Applications of VOLA Format for 3D Data Knowledge Discovery
VOLA is a compact data structure that unifies computer vision and 3D rendering and allows for the rapid calculation of connected components, per-voxel census/accounting, CNN inference, path planning and obstacle avoidance. Using a hierarchical bit array format allows it to run efficiently on embedded systems and maximize the level of data compression. The proposed format allows massive scale volumetric data to be used in embedded applications where it would be inconceivable to utilize point-clouds due to memory constraints. Furthermore, geographical and qualitative data is embedded in the file structure to allow it to be used in place of standard point cloud formats.
This work examines the reduction in file size when encoding 3D data using the VOLA format and finds that it is an order of magnitude smaller than the current binary standard for point cloud data.
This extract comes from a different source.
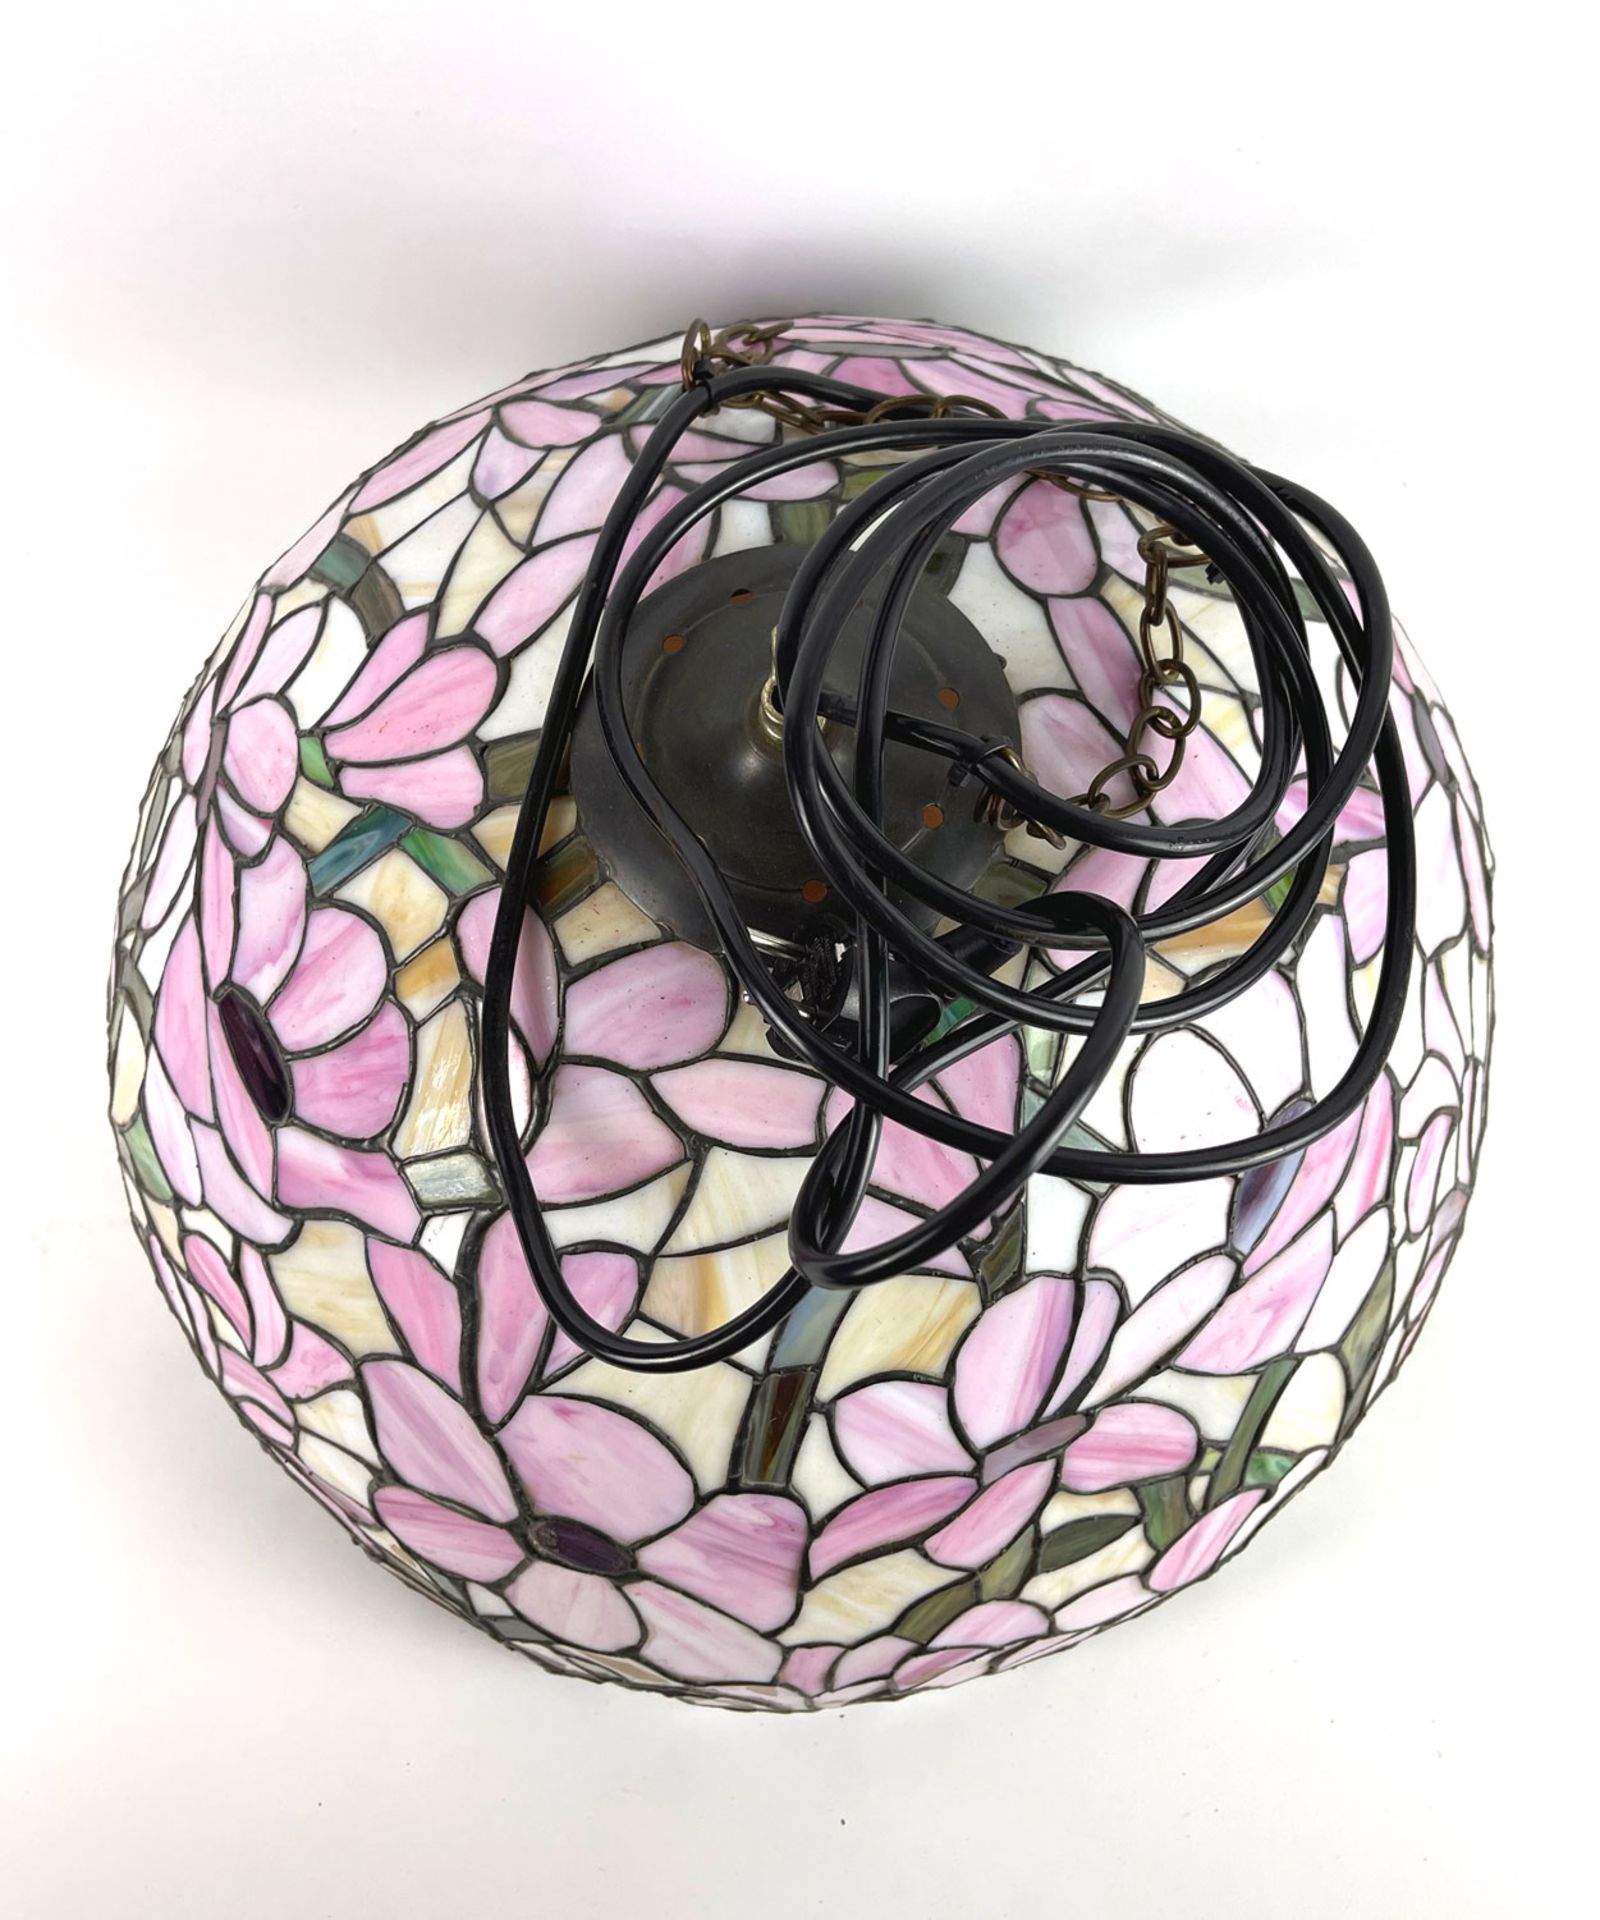 Tiffany Style Hanging Ceiling Lamp with Flower Motif - Image 2 of 3
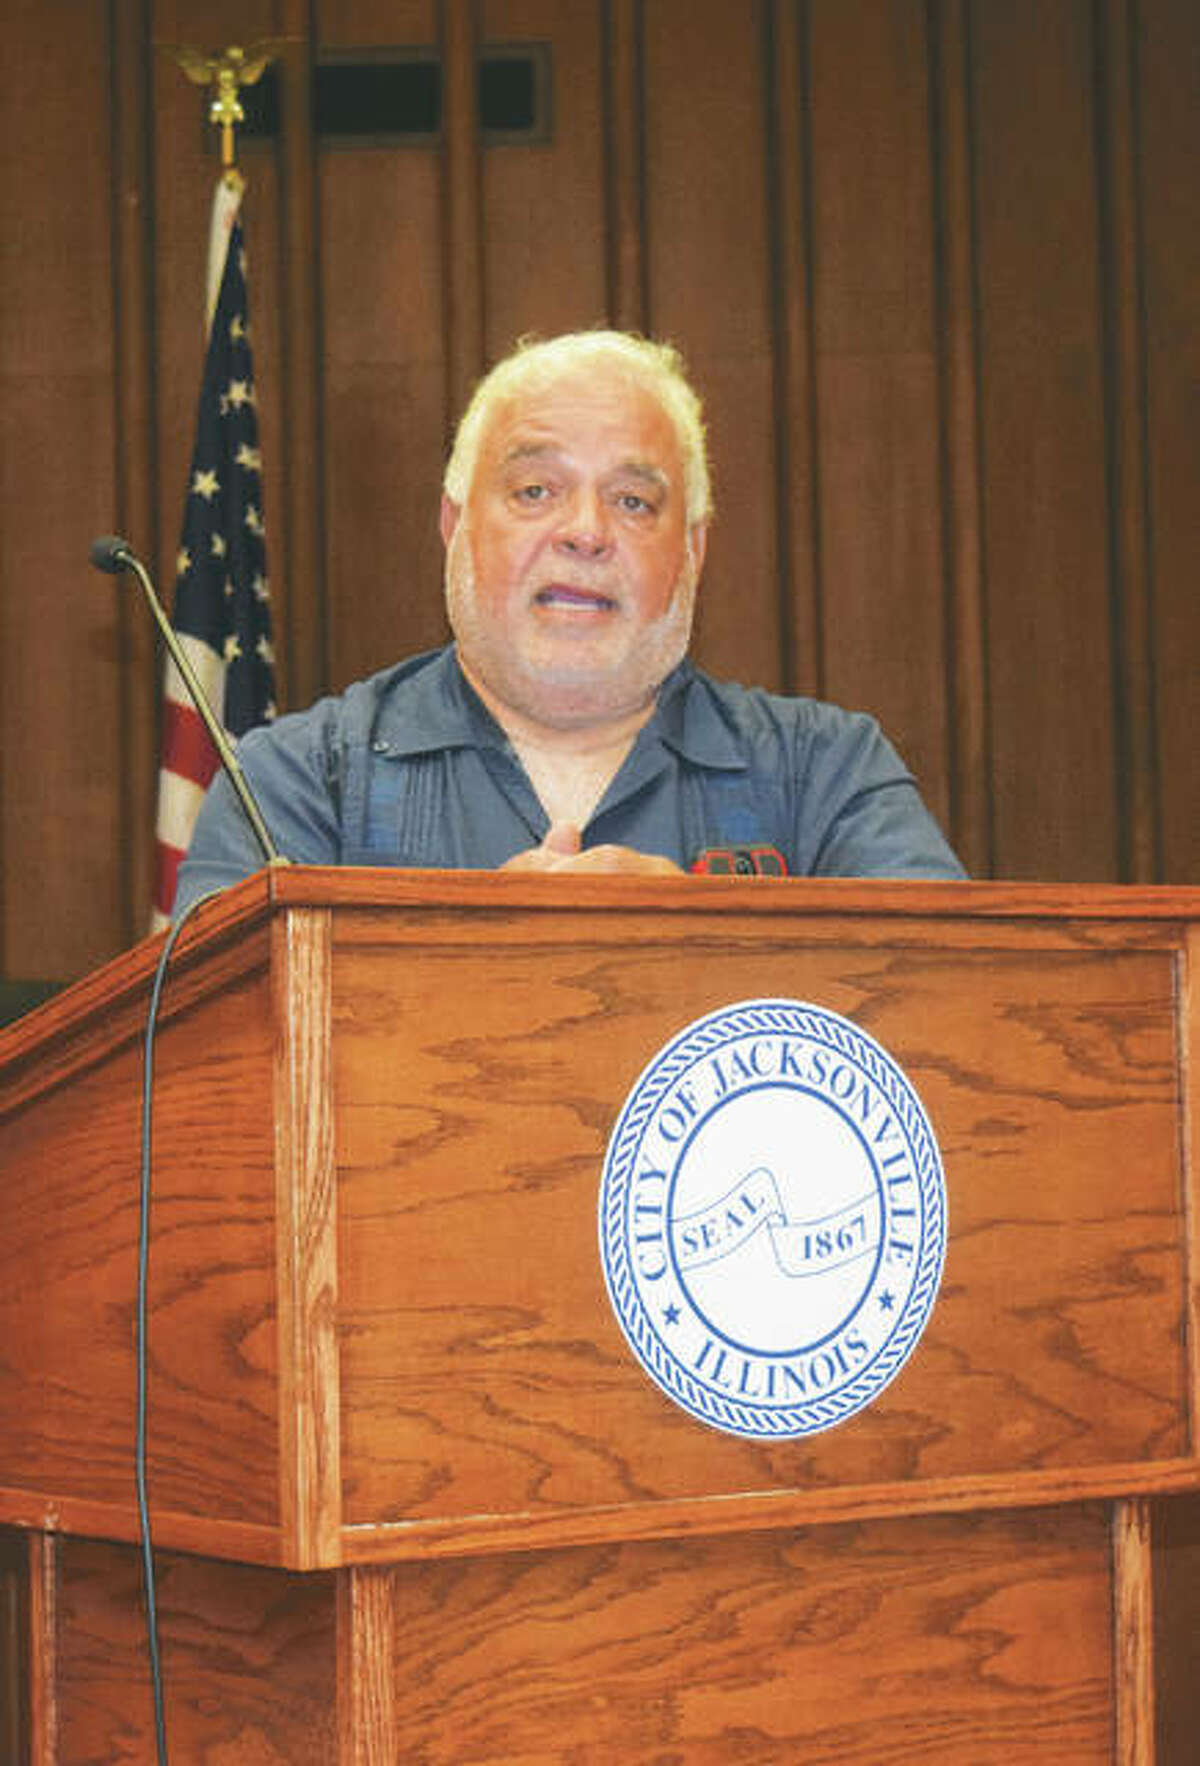 Nestor Gutierrez, a Jacksonville resident who fled Cuba in 1961, discusses poor conditions in the island nation during Tuesday’s meeting of the Republican Women’s Club of Morgan County. Gutierrez said Cuba should serve as a warning to the U.S. about adopting socialism.

VOLA is unique in that it combines the benefits of partitioning algorithms with a minimal voxel format. It hierarchically encodes 3D data using modular arithmetic and bit counting operations applied to a bit array. The simplicity of this approach means that it is highly compact and can be run on hardware with simple instruction sets. The choice of a 64 bit integer as the minimum unit of computation means that modern processor operations are already optimized to handle the format. While octree formats either need to be fully dense to be serialized or require bespoke serialization code for sparse data, the VOLA bit array is immediately readable without header information.